There is a crying need to move from conservative, outdated, non-progressive approaches in mental health to embracing liberal, progressive legislations, systems, and responses, grounded in human rights, in the sector. To move beyond becoming alright, recovering to being fully included. This is possible only and only if we examine or responses, support, care systems through the UNCRPD framework, anything less than this is but a compromise.
  • Look at mental health from a disability perspective 
  • Make it a development issue- looking at health determinants of mental ill health and addressing those- e.g. malnourishment, deficiencies and mental health problems, pregnancy and mental health
  • Move from custodial nature of dealing with persons having mental illness to taking a proactive role of protecting rights of persons with psychosocial disabilities- change in language, in perspective, in attitude, in academic trainings provided in the mental health and disability sector, in mainstream education. Don’t medicalize communities, don’t drown community programs
  • Recognise social determinants of mental ill-health and strategize to address them through existing systems- such as poverty alleviation program, ensuring food and housing for all, social security systems and benefits to marginalized groups, laws to protect vulnerable populations such as women and children from gender based discriminations, violence;      integrating holistic approaches in mental health care (active involvement of AYUSH), strengthening local communities through community building programs and teams (corporators, ward offices, local municipality, primary      health care centres etc); integrating mental health and wellness discourse in education systems at all levels, revisiting medical education curriculum on these aspects, having progressive discourses in mental health wellness, care and support in alignment with the UNCRPD etc
  • Move beyond the narrow confines of defining it only through mental disorders- schizophrenia, depression, psychosis etc. MH is a spectrum. Every person has MH needs, different needs at different points of time, recognising this is most essential to escape the trappings of one’s identification being limited to presenting symptomatology! Not everybody      needs treatment! Not everything can be solved through treatment- Move away from bridging the treatment gap to bridging the UNCRPD gap
  • Recognise the potential of harm and loss of life in pharmacotherapies. Recognise violations, violence by service providers, families when they force treatment. Shift focus from individual to ecosystem. Work on barriers to persons growth and development
  • Asserting the right to personal choice: Be accepting of choices people make for themselves, whether someone want to heal through yoga or running or praying or learning from peers or whatever other ways they choose for themselves, it is their personal choice
  • No incapacity laws, trusting the notion of evolving capacity- as applying universally.
  • To be able to do all of this without pilling, without incarcerating persons, without use of force, without an overwhelming need for expert driven models of care and treatment. Transforming communities for inclusion. If this can be done, all people in that community will feel safe, cared, protected, nourished, respected, included.
  • Do away with discriminatory laws, strengthen existing laws, systems in line with provisions in
  • the UNCRPD 
When do I feel happy, safe?

What I have to say, what my peers have to say?
When do I feel respected, included, dignified?

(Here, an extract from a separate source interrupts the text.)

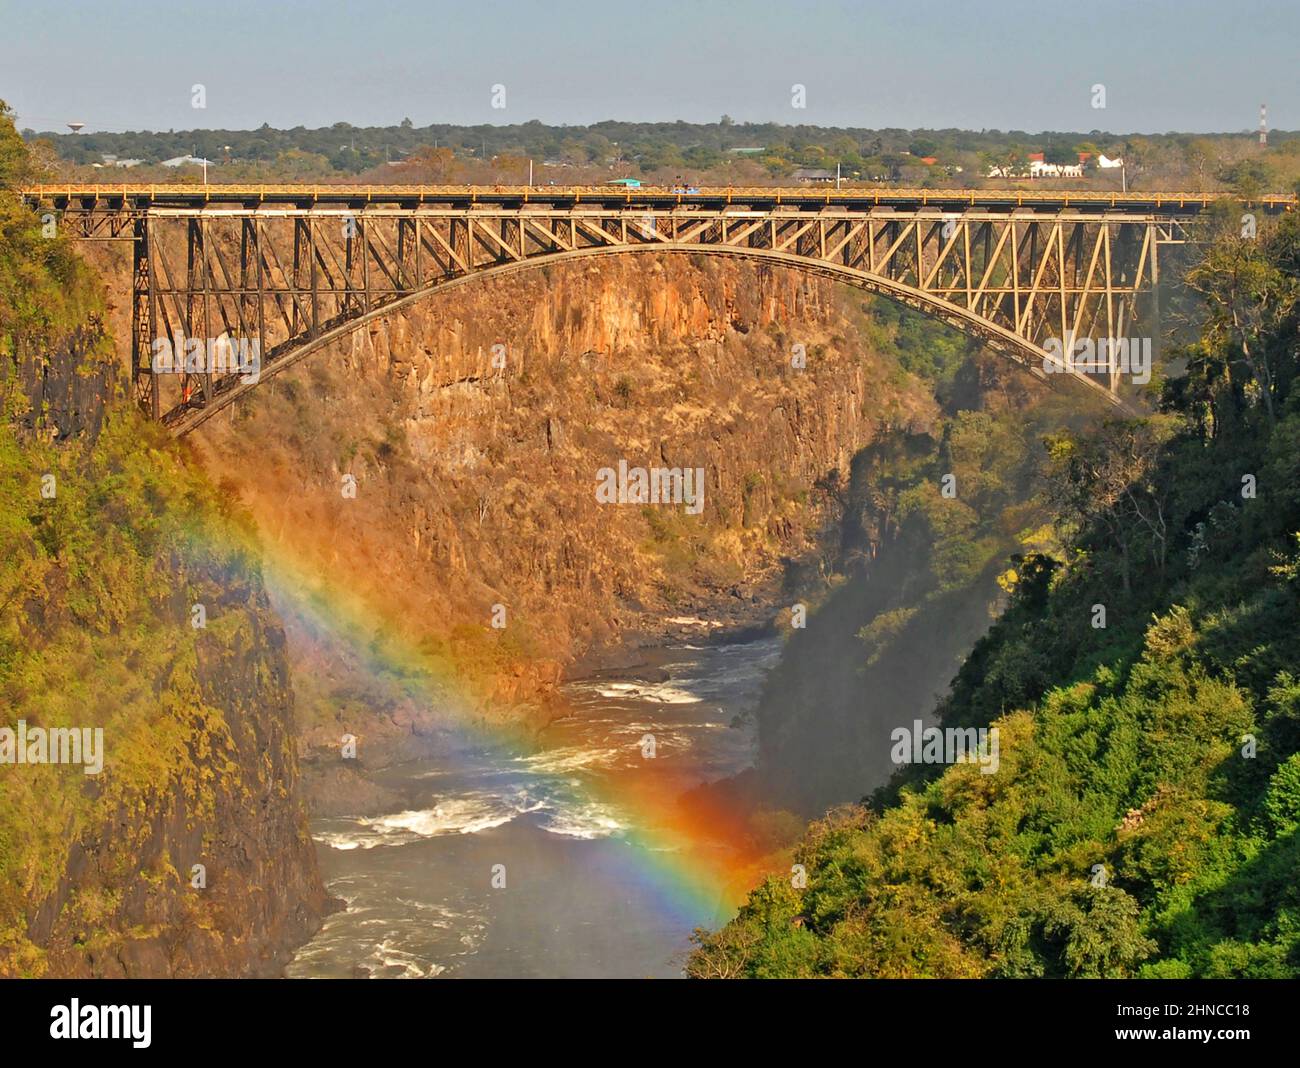 bridge on Zambezi river, Victoria Falls Bridge, Zimbabwe Stock Photo

We feel respected when we are given a range of things to choose from, ‘What would you like to do?’

Not- ‘Do you want to get admitted or will you take medicines!’

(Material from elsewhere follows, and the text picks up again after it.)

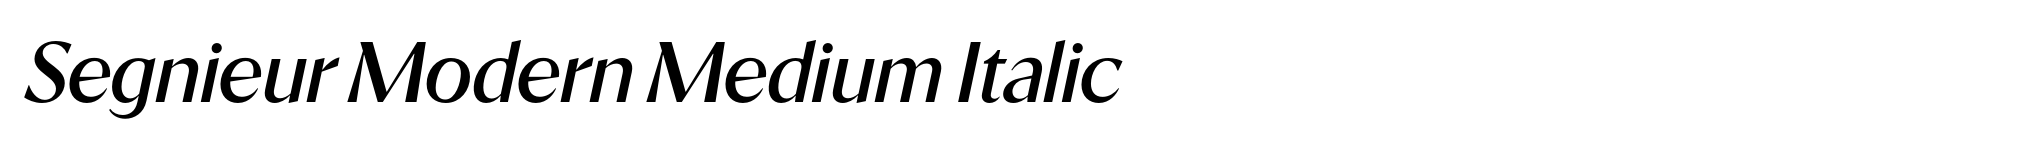 Segnieur Modern Medium Italic image

We feel dignified to have jobs/work that is meaningful to us, offering us sustainable means of living. Not being doped to the extent of not being able to get up and go about with my routine. Having prescriptions which look like grocery lists!

We are able to cross over crisis with enough supports around us.
Not when people are eyeing us suspiciously as ‘causing harm to self or causing harm to others!’ Not when there is a hurry to fix us, Not when there is a felt need to intervene!

People feel vibrant when they are eating right, people are able to connect to others in their social circles when they are not zombie-d.